Once you get past the whipped cream stage, the cream is going to look curdled.  That's fine; it's supposed to, because now the cream and the buttermilk are beginning to separate. 

Things might get a little messy here, you may want to find a way to cover your bowl with plastic wrap while you continue to whip the butter.  I didn't run into this, but others do.  (It may be because I used a deep V-shaped mixing bowl so the heavy butter stayed at the bottom.) 

Once it looked really curdled, I strained the butter/buttermilk through a  fine mesh strainer and then a double layer of cheesecloth into a container.  It takes a bit of hand strength to do it, but you want to get out as much of the buttermilk as possible.  The butter squeezes out of the cheesecloth, but I don't know of another way to do it, so you'll have to scrape some butter off the cheesecloth if your frugal, as I am, smiles.

I put my now-lump-of-butter into the bowl I whipped the cream in, and rinse the lump under cold running water.  I want to rinse out as much butter milk as possible because removing the buttermilk will help to preserve the butter.  I smoosh the lump around a bit until the water runs clear.  If you are really particular about this, you can use a large wooden paddle and press the butter against the inside of a bowl to remove any extra liquid.

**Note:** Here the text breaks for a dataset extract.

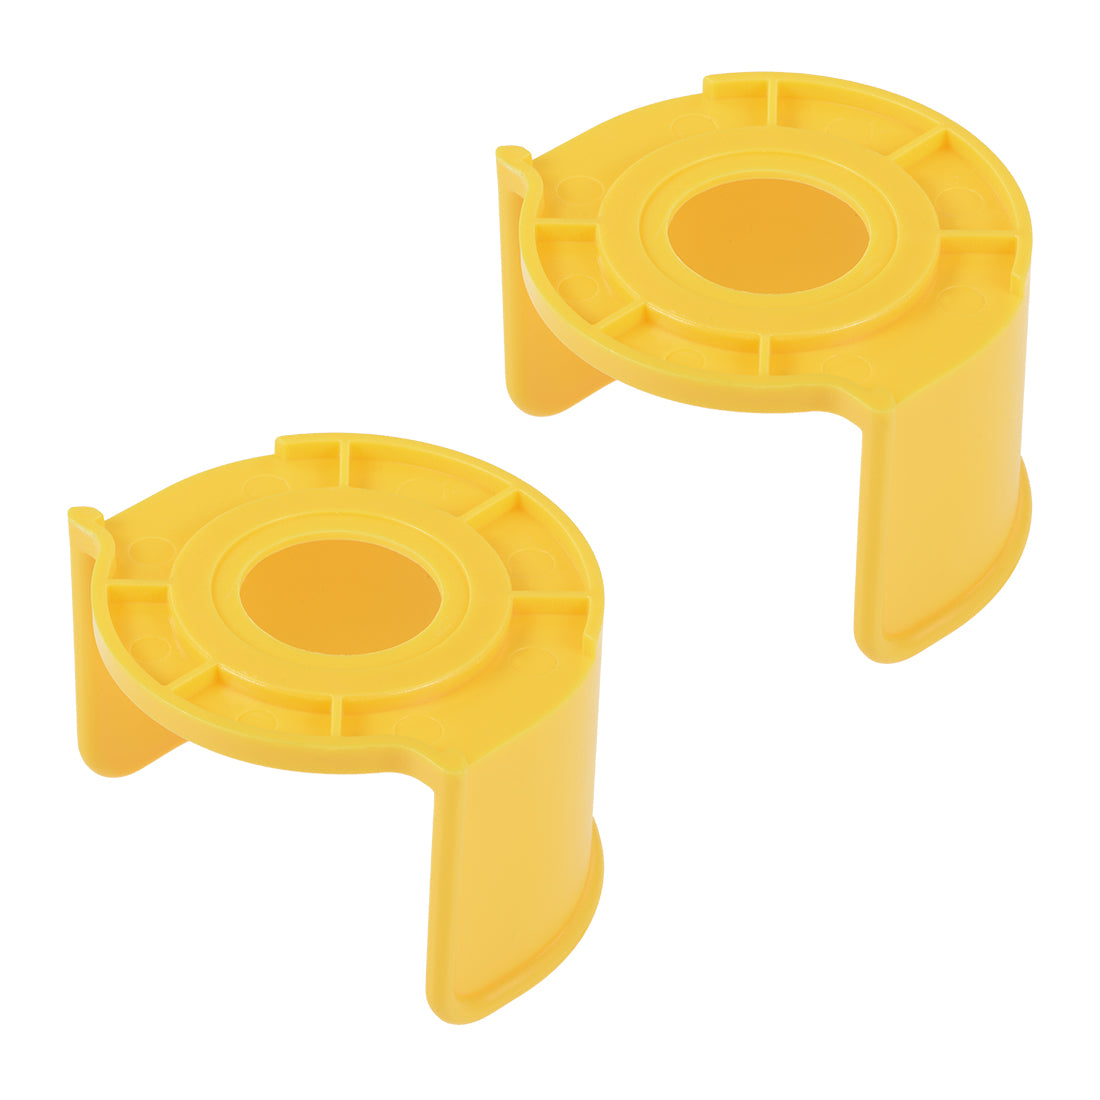 Uxcell Uxcell 30mm Half Circle Emergency Stop Switch Push Switch Button Protective Cover Yellow 2pcs

Refrigerate!  The entire process probably took only about 15 minutes, but I was a little fumble fingered with all the squeezing of the butter in the cheesecloth, so it may take you less time.

Looks like a lot of instruction, but it's not, honestly.  Whip the cream, strain the buttermilk out, rinse the lump of butter, add salt at this point if you are going to use it.

With one quart of heavy cream, I had 11 ounces of sweet, creamy butter and 2 cups of buttermilk.  Is it less expensive?  Yeeessssss and no.  A pound of store bought butter is running about $3.59 and that would be the store brand; the national brands are closer to $4.00. I would have to take out a second mortgage on my house to buy the European butter.   The quart of cream probably cost me just under $4.00 and it only gave me 11 ounces of butter.....but I did have 2 cups of buttermilk as a by-product that I didn't have to purchase separately and will now use in other cooking projects.  So, yes, it's worth it to me.